DATASET CONTENT START

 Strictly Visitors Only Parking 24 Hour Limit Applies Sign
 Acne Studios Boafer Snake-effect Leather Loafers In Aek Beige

DATASET CONTENT END
DATASET CONTENT START

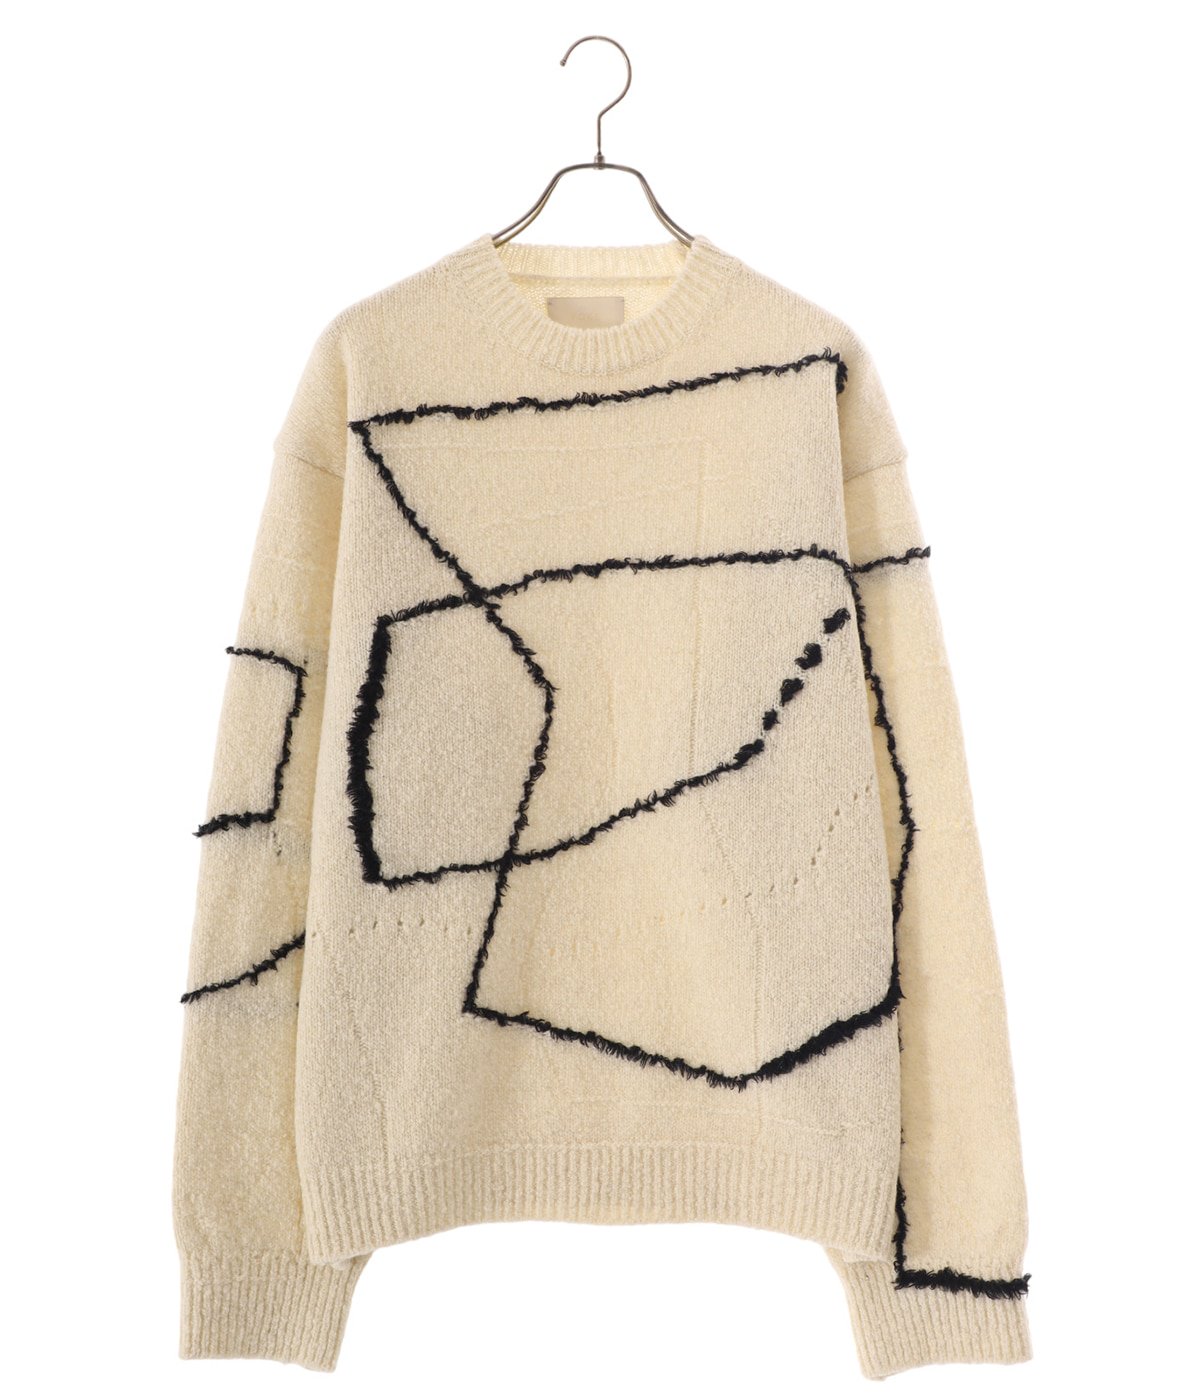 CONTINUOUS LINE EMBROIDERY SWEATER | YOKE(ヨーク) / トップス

DATASET CONTENT END

→ **INSTRUCTIONS FOR THE TASK**
Copy out, word for word, the part of the entries above that begins at the line with "Strictly Visitors Only" and ends at the line with "Acne Studios Boafer", including both.

→ **TASK OUTPUT**
 Strictly Visitors Only Parking 24 Hour Limit Applies Sign
 Acne Studios Boafer Snake-effect Leather Loafers In Aek Beige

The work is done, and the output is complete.